According to Hoon, these three battalions were ordered to be placed under Rodrigues. He said he immediately briefed Rajiv and his principal secretary Gopi Arora about the development and showed them the letter demanding special forces.

Ex-PM Rajiv gandhi and former Army chief Gen K Sundarji

“I also explained to them how dangerous this move could be, not only for the country, but also for our political system,” Hoon said. He claims to have ordered the Delhi area commander, which is under the Western Command, not to move any troops without his permission.

Hoon, who retired in October 1987, states that one minister in Rajiv’s cabinet, V C Shukla, was aware about the possibility of army action.
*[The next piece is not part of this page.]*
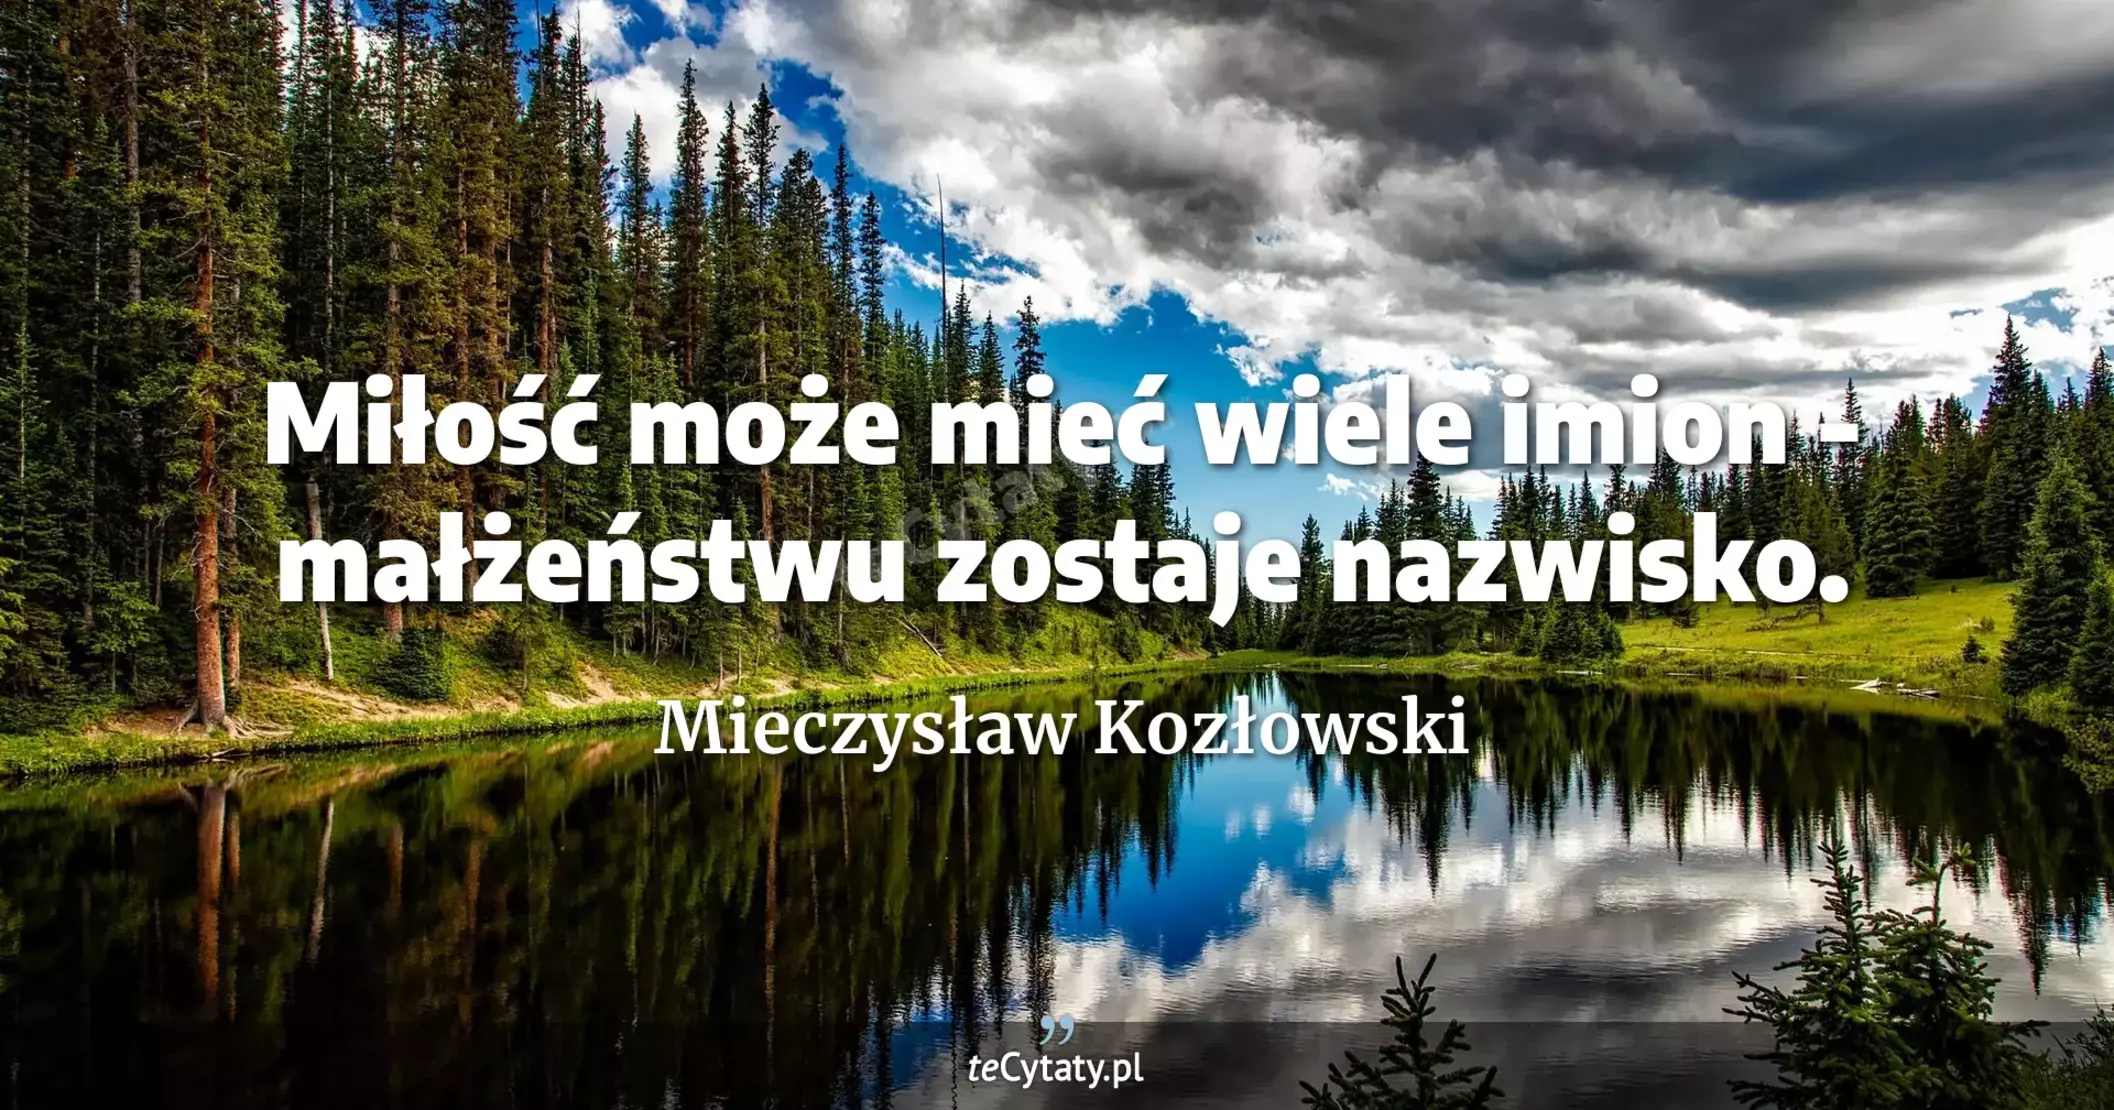 Miłość może mieć wiele imion - małżeństwu zostaje nazwisko. - Mieczysław Kozłowski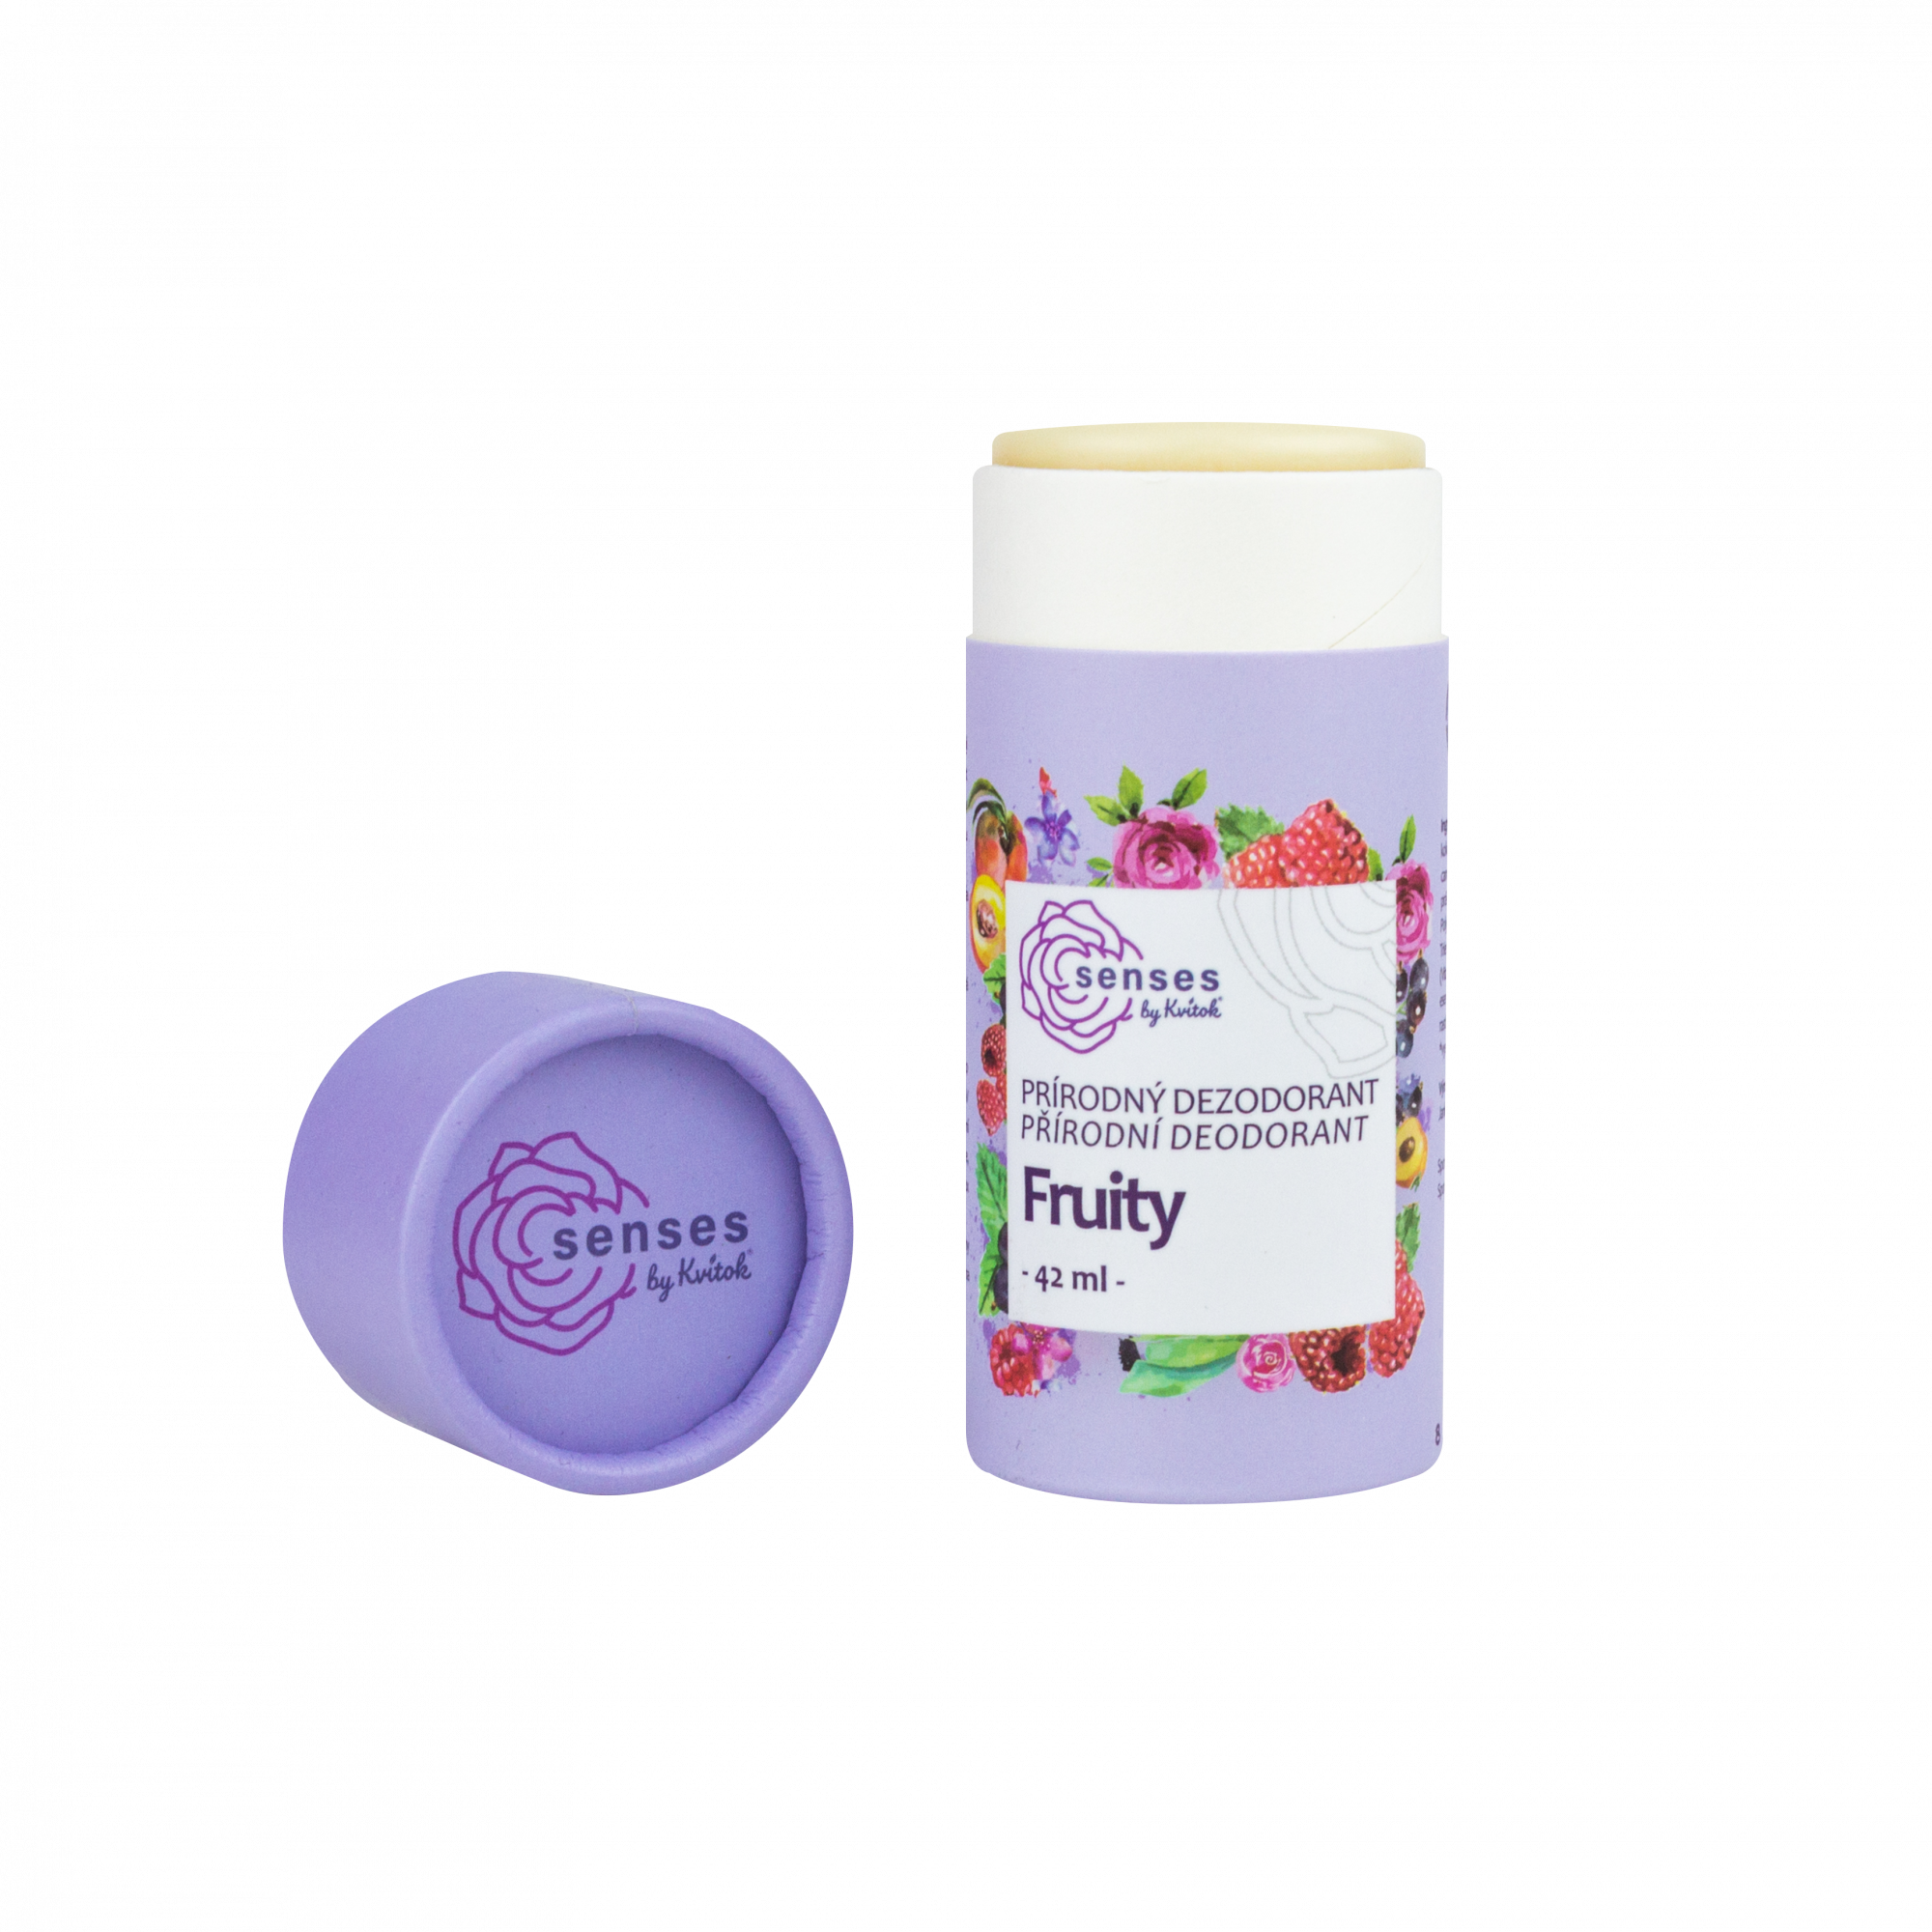 Kvitok Tuhý deodorant Fruity (42 ml) - účinný až 24 hodin Kvitok

In chapter-10 titled ‘Giani Zail Singh vs Rajiv Gandhi’ he said Shukla specially came down to Chandimandir to meet him.

Hoon, however, concluded that Zail Singh didn’t take any action against Rajiv’s government fearing that it would lead to transfer of power from a democratically elected government to the armed forces.

Air Marshal Randhir Singh, a veteran of many wars, disagrees with Hoon and says there’s never been any attempt at military coup. “In India, a coup by the armed forces is not possible because of the kind of legacy training they have inherited,” the 94-year-old said.

Terming it Gen Hoon’s “own perception,” Colonel K S Pathak, senior veteran and one of the founders of country’s special forces, says there may have been mobilization of troops in Delhi but it was for other reasons. At the time, there was unrest in Delhi, especially after the Sikh massacre and some other problems. “Mobilization could have been for the state, not to destabilize the democratically elected government,” said Pathak who was deployed in the special forces under the Cabinet Secretariat in 1987.